EKKTA | Creative Unity


Journalist with links to Anonymous sentenced to prison

After nearly three years of legal wrangling Barrett Brown, a journalist who has served as an unofficial spokesman for Anonymous hacking operations, was sentenced to five years in prison.

Brown pleaded guilty to federal charges of obstructing a search warrant, making Internet threats and being an accessory to unauthorized access of a protected computer.

The case against Barrett Brown worried civil-liberties activists and Internet activists that a conviction would criminalize the act of linking on the Internet. Despite Brown’s lack of hacking skills, prosecutors argued that the act of posting a link to the data made him a party to the crime. Seeking to have the charge dismissed, Brown’s attorneys argued in a court motion that Brown did not “transfer” the stolen data but merely republished a public link to information that was already in the public domain.

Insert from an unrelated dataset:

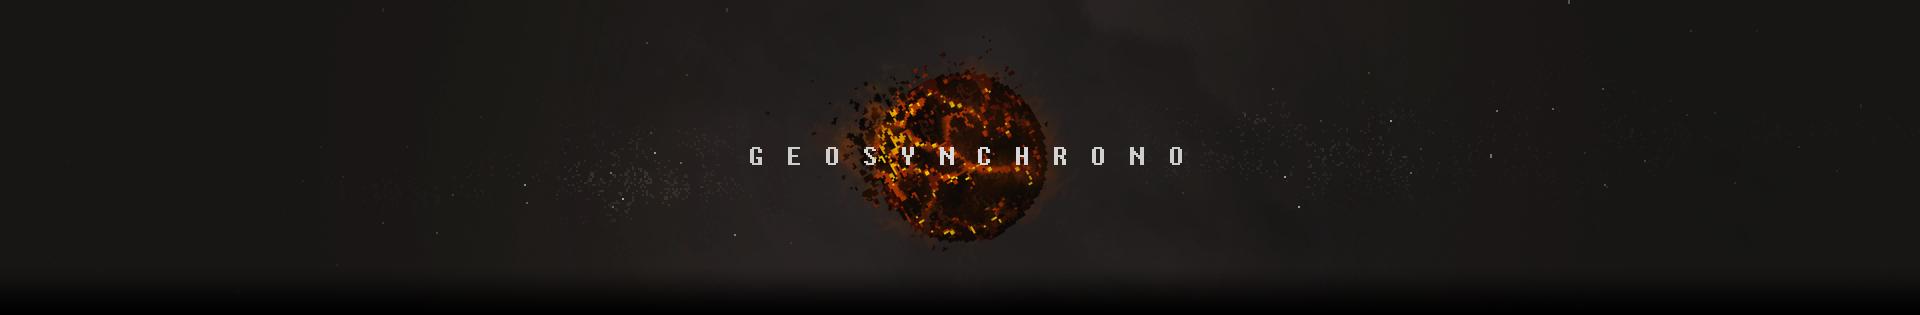 Geosynchrono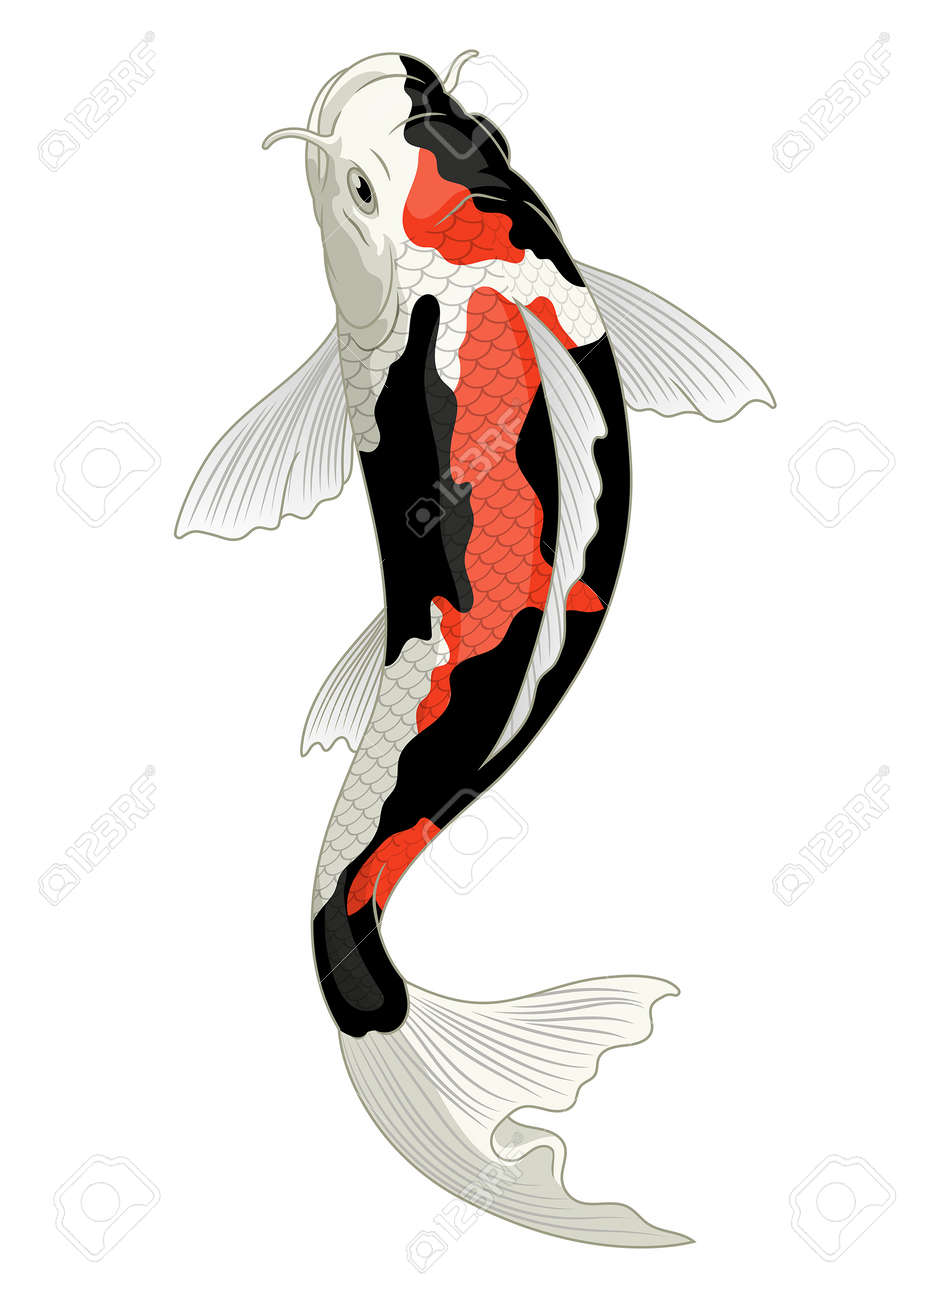 japan koi fish in showa coloration pattern - 163541084

While the hyperlink charge was ultimately dropped, Brown said the prosecution revisited the link charge during a December sentencing hearing as “relevant conduct” that should be considered in deciding Brown’s punishment.

Under a plea deal with prosecutors, Brown was sentenced to 63 months in prison and ordered to pay nearly $900,000 in restitution and fines. He had faced up to eight and a half years in prison after pleading guilty to the charges in April. The two and a half years he has spent in custody will be credited toward his sentence, according to the Dallas Morning News.